> [STUDY MATERIAL]:

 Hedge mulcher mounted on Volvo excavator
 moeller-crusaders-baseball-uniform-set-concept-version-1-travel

* * *

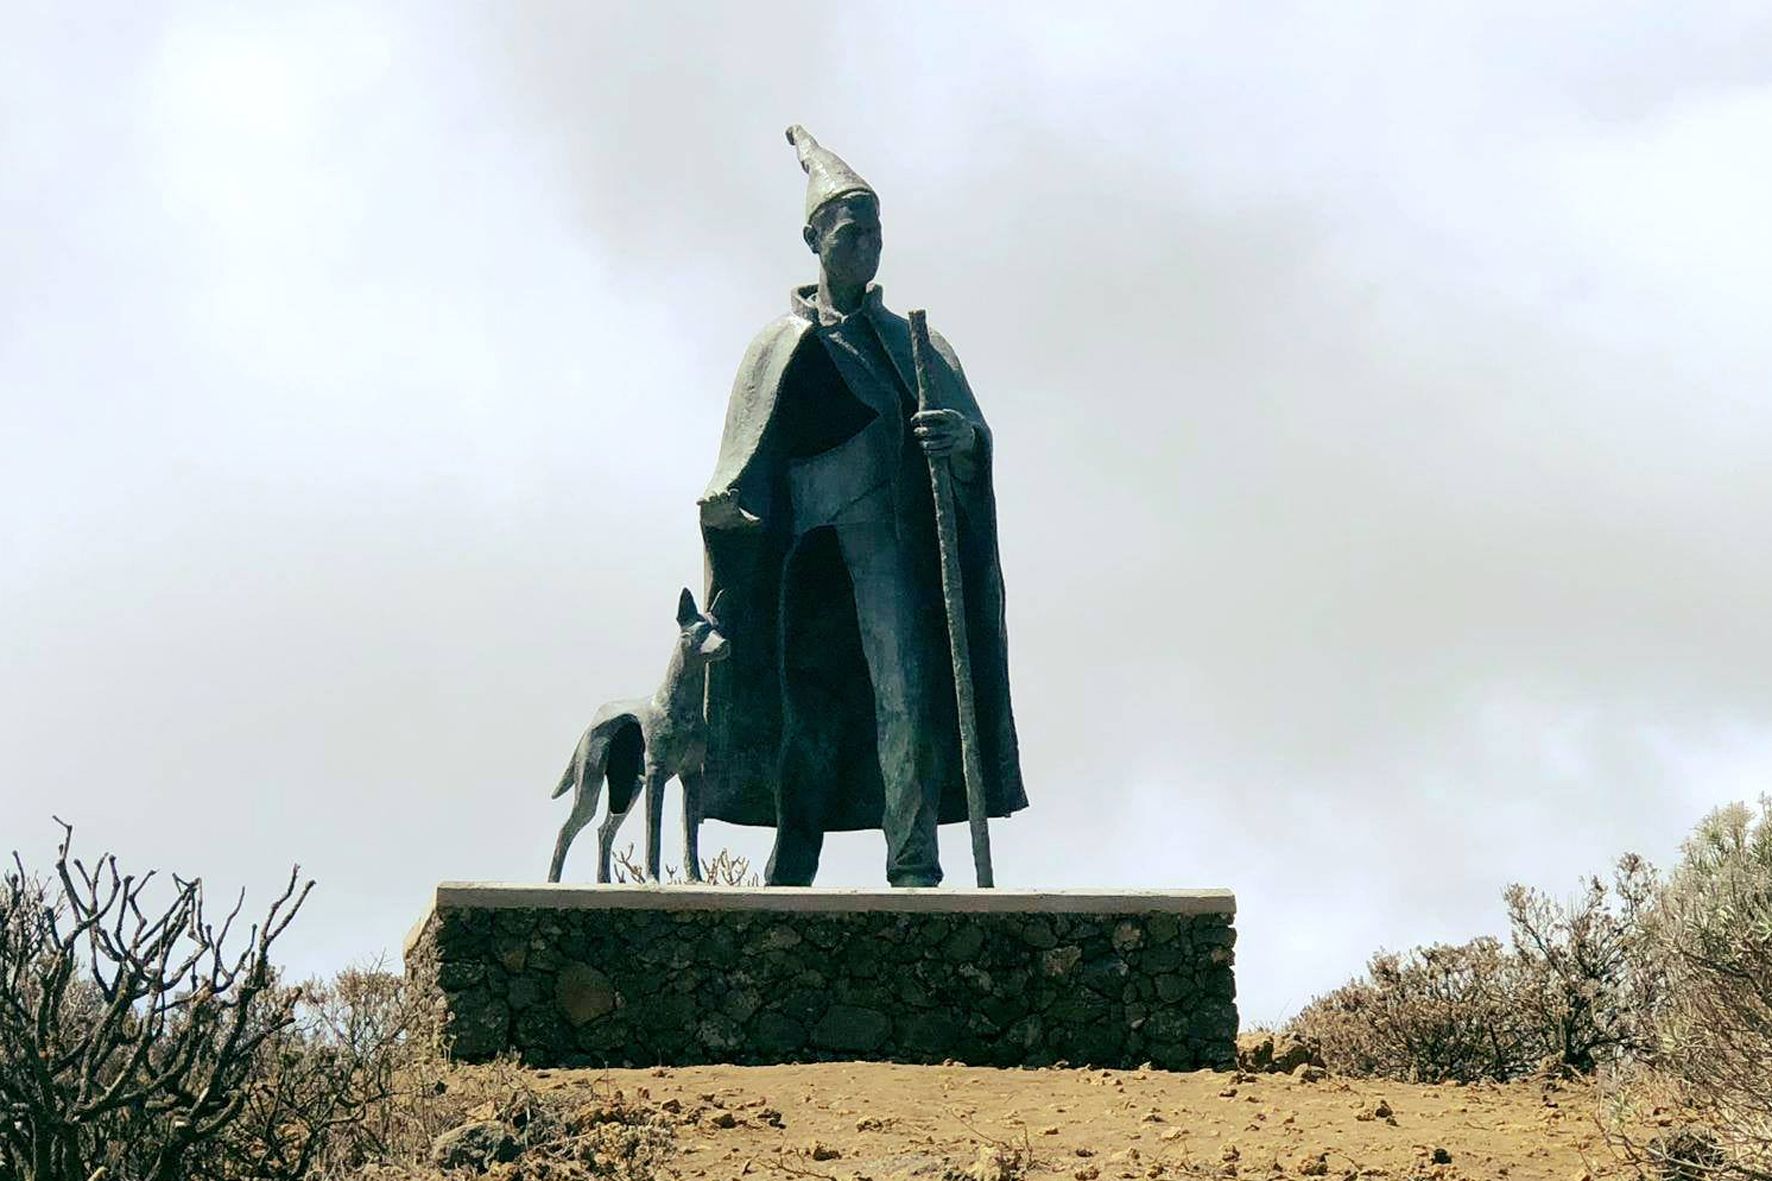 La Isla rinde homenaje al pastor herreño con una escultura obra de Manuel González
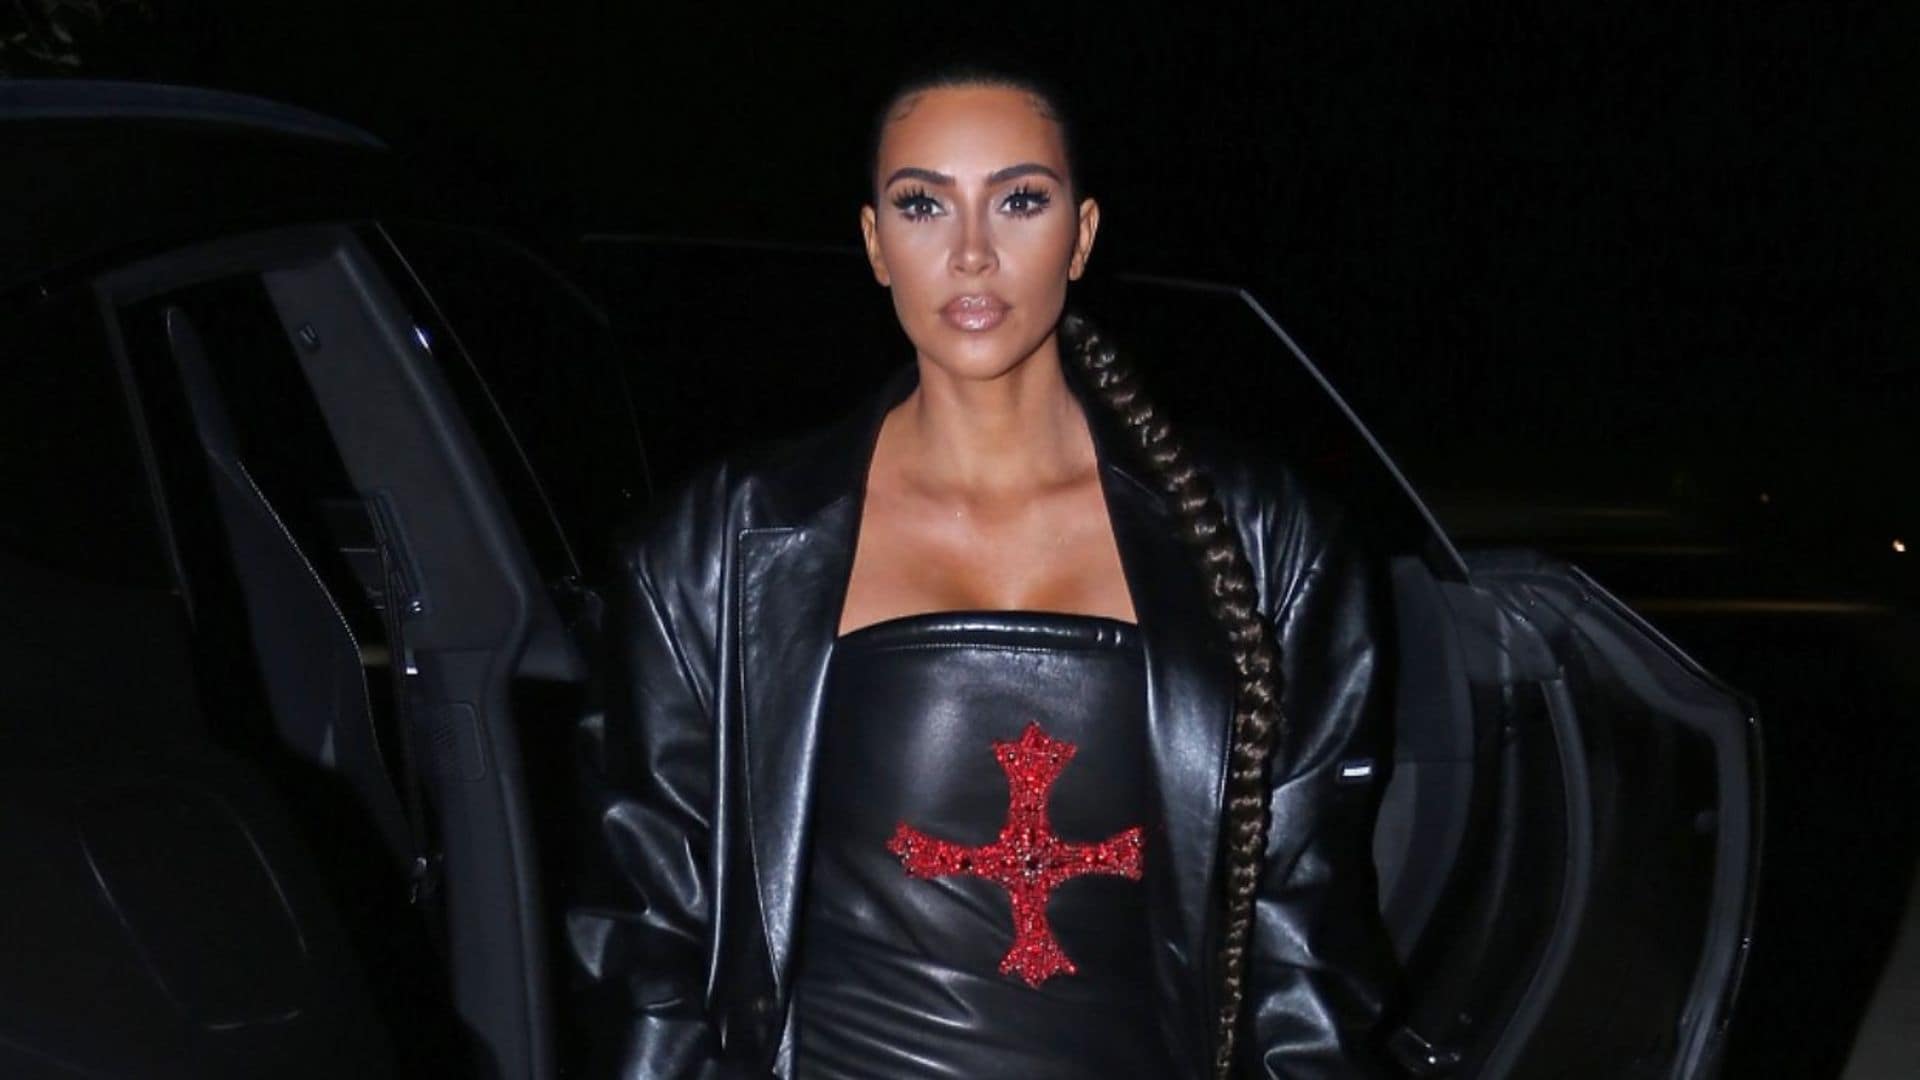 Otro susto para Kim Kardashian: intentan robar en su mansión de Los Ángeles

> [WHAT YOU NEED TO DO]:
Please copy, exactly and with nothing else, the lines above beginning at the line that has "Hedge mulcher mounted on Volvo excavator" and ending with the line that has "moeller-crusaders-baseball-uniform-set-concept-version-1-travel".

> [RESPONSE FOR THIS EXERCISE]:
 Hedge mulcher mounted on Volvo excavator
 moeller-crusaders-baseball-uniform-set-concept-version-1-travel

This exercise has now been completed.